As a thinking exercise, I sometimes ask whether it would be wrong to be a one-issue voter if the issue were slavery. In his debate with Lincoln, Douglas argued an essentially pro-choice position: let the southern states decide whether and when to end slavery. At the risk of sounding like an intolerant moral absolutist, I assert that pro-slavery Christians were wrong.
Perhaps I should defer more to the Supreme Court ruling (Dred Scott vs. Sanford) on who is a person and citizen. But God’s law transcends Supreme Court rulings. And yes, I know that some Christians find verses in the Bible that seem to justify the enslaving of Africans. But they are wrong. How can one even look at a slave and deny he is a person?
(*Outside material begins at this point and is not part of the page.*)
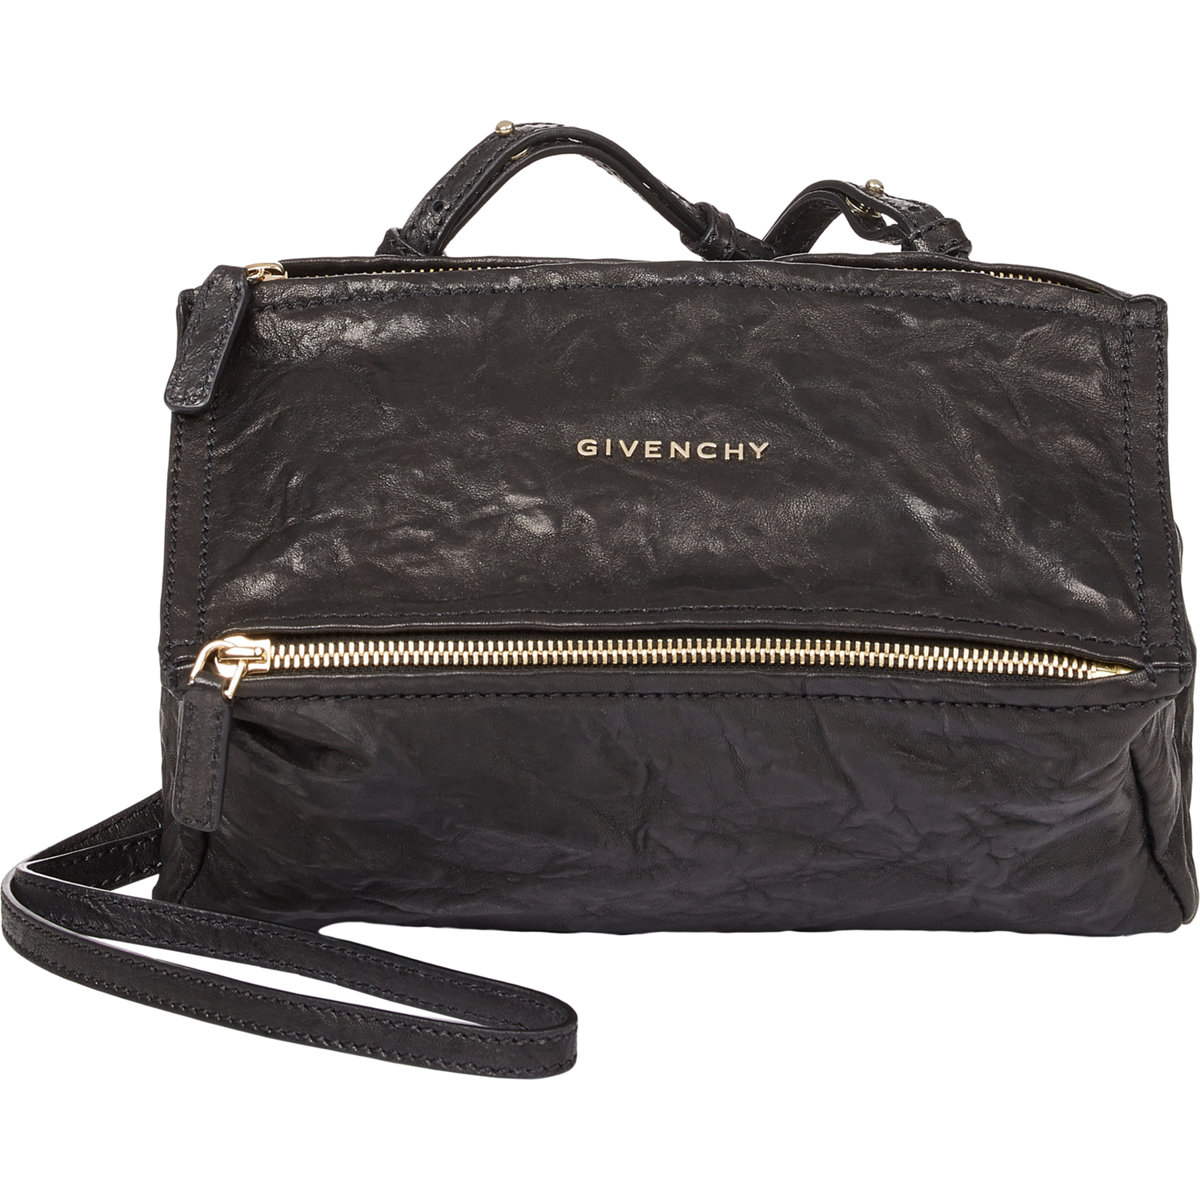 Womens Pandora Pepe Mini Patent Leather Messenger Bag Givenchy

Perhaps I am too narrow. I would vote for an atheist before a pro-slavery Christian. I would vote for an incompetent candidate who promised to end slavery before I would vote for an intelligent and skillful pro-slavery candidate.
Perhaps I should care more about foreign policy, the economy, western expansion, and the Indian problem. Perhaps I am guilty of shoving my anti-slavery morality down the throats of others instead of letting slave owners make a private moral decision.
After all, I really don’t want to be associated with the John Brown types who wave a Bible in one hand and gun in the other.
I often wonder how history will judge me. An unbalanced and intolerant one-issue fanatic? A courageous and compassionate defender of the helpless?